> LISTED RECORDS:

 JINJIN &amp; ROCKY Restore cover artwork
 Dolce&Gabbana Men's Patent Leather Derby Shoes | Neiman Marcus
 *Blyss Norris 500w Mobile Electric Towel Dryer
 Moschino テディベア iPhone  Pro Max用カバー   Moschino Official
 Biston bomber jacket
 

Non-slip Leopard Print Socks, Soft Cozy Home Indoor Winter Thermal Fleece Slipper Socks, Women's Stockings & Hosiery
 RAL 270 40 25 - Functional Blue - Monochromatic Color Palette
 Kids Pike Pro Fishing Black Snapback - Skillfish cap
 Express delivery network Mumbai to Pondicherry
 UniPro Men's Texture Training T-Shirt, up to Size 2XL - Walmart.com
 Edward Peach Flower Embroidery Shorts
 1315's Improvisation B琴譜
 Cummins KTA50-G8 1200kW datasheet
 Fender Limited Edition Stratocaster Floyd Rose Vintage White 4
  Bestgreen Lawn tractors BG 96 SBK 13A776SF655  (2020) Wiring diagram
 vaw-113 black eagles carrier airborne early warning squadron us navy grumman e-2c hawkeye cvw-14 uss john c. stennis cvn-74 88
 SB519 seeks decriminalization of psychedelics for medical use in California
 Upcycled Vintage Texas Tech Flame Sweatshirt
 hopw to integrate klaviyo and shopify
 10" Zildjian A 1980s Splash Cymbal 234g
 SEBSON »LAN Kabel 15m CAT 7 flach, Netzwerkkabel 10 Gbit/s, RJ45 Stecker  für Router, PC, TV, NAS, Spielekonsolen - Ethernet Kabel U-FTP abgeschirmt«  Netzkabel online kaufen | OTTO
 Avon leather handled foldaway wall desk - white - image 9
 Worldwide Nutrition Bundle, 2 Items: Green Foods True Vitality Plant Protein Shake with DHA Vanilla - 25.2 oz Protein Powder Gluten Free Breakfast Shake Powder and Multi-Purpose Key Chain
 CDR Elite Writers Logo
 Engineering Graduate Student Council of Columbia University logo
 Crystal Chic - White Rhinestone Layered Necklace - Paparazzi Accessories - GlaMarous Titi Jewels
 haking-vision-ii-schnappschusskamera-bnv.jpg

> WHAT YOU WILL DO: Give the listing above again in full, exactly as written.

> SOLVED PROBLEM:
 JINJIN &amp; ROCKY Restore cover artwork
 Dolce&Gabbana Men's Patent Leather Derby Shoes | Neiman Marcus
 *Blyss Norris 500w Mobile Electric Towel Dryer
 Moschino テディベア iPhone  Pro Max用カバー   Moschino Official
 Biston bomber jacket
 

Non-slip Leopard Print Socks, Soft Cozy Home Indoor Winter Thermal Fleece Slipper Socks, Women's Stockings & Hosiery
 RAL 270 40 25 - Functional Blue - Monochromatic Color Palette
 Kids Pike Pro Fishing Black Snapback - Skillfish cap
 Express delivery network Mumbai to Pondicherry
 UniPro Men's Texture Training T-Shirt, up to Size 2XL - Walmart.com
 Edward Peach Flower Embroidery Shorts
 1315's Improvisation B琴譜
 Cummins KTA50-G8 1200kW datasheet
 Fender Limited Edition Stratocaster Floyd Rose Vintage White 4
  Bestgreen Lawn tractors BG 96 SBK 13A776SF655  (2020) Wiring diagram
 vaw-113 black eagles carrier airborne early warning squadron us navy grumman e-2c hawkeye cvw-14 uss john c. stennis cvn-74 88
 SB519 seeks decriminalization of psychedelics for medical use in California
 Upcycled Vintage Texas Tech Flame Sweatshirt
 hopw to integrate klaviyo and shopify
 10" Zildjian A 1980s Splash Cymbal 234g
 SEBSON »LAN Kabel 15m CAT 7 flach, Netzwerkkabel 10 Gbit/s, RJ45 Stecker  für Router, PC, TV, NAS, Spielekonsolen - Ethernet Kabel U-FTP abgeschirmt«  Netzkabel online kaufen | OTTO
 Avon leather handled foldaway wall desk - white - image 9
 Worldwide Nutrition Bundle, 2 Items: Green Foods True Vitality Plant Protein Shake with DHA Vanilla - 25.2 oz Protein Powder Gluten Free Breakfast Shake Powder and Multi-Purpose Key Chain
 CDR Elite Writers Logo
 Engineering Graduate Student Council of Columbia University logo
 Crystal Chic - White Rhinestone Layered Necklace - Paparazzi Accessories - GlaMarous Titi Jewels
 haking-vision-ii-schnappschusskamera-bnv.jpg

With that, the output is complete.